5. Multiple putatively adaptive substitutions have arisen in the cattle H5N1 clade polymerase complex.
- For avian influenza viruses to productively infect mammals, they must overcome the poor activity of the avian virus RNA-dependent RNA polymerase in mammalian (including human) cells. Specifically they must adapt to use mammalian versions of a host protein called ANP32(33). The most well described ANP32-adapting mutation, PB2 E627K, is present in the human sequence but is absent in cattle sequences (though present as a minor variant in a single cow sequence from Kansas(16)). An alternative substitution, PB2 M631L, is present in cattle viruses but absent in the human virus(34). A few other putative ANP32 modulating mutations are present in the cattle viruses but are not fixed throughout the cattle cluster (Figure 7). PA K497R immediately precedes the main cluster of cattle sequences (clade C-E), while PA E613K (clade A) and PB2 E677G (clade B) are found in sister clades to those with PA K497R. PB2 M631L is very likely an adaptive mutation to mammalian ANP32 as it has been shown to interact with ANP32 and also to increase polymerase activity in human cells(35)(36). A recent influenza polymerase structure has shown PA K497 interacting with ANP32(36) and previous data has shown that this mutation can also increase polymerase activity(36). This pattern of substitutions is consistent with PB2 M631L arising early on during adaptation to cattle, with several different possible adaptive mutations in PA or PB2 likely arising during transmission among cattle (with PA K497R being in the majority of sequences).

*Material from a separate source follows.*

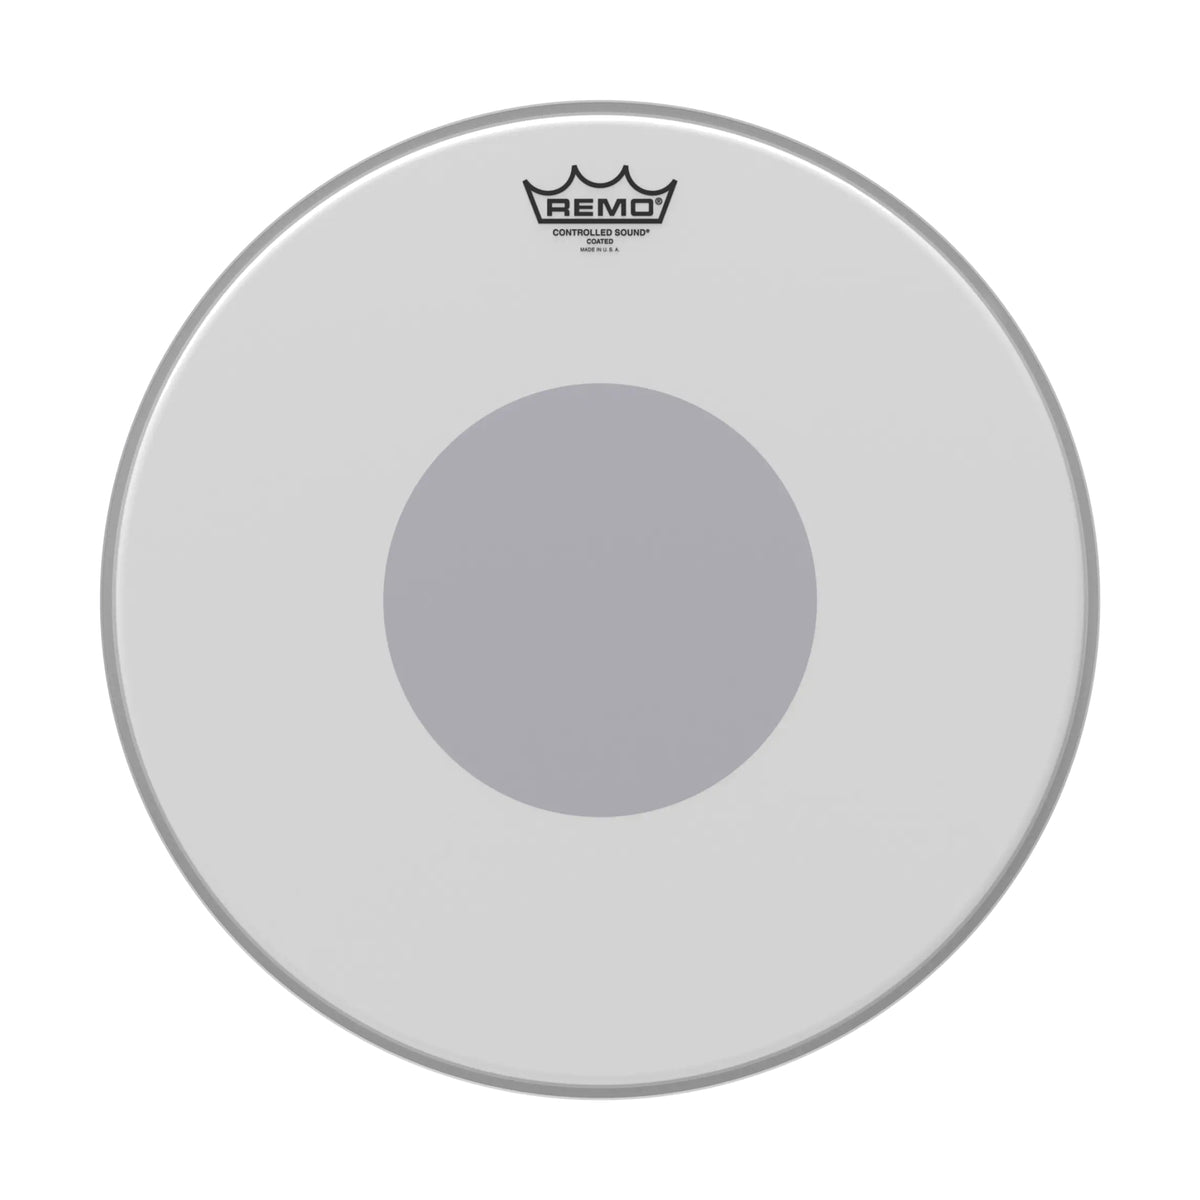 Remo Controlled Sound 16 Inch Drum Head

- There is minimal evidence for a different selective regime acting within the cattle H5N1 virus clade compared with avian H5N1 viruses. Across the 8 segments, only PA exhibited a significantly different selective regime, with a modest increase in the intensity of selection (k=1.28; p<0.03). The selective regime across the other 7 segments did not significantly different between avian and cattle H5N1 viruses.
Figure 7. Amino acid changes mapped onto bovine H5N1 phylogeny, We inferred this maximum likelihood tree using 243 concatenated H5N1 genome sequences. H5 numbering is used for amino acid substitutions.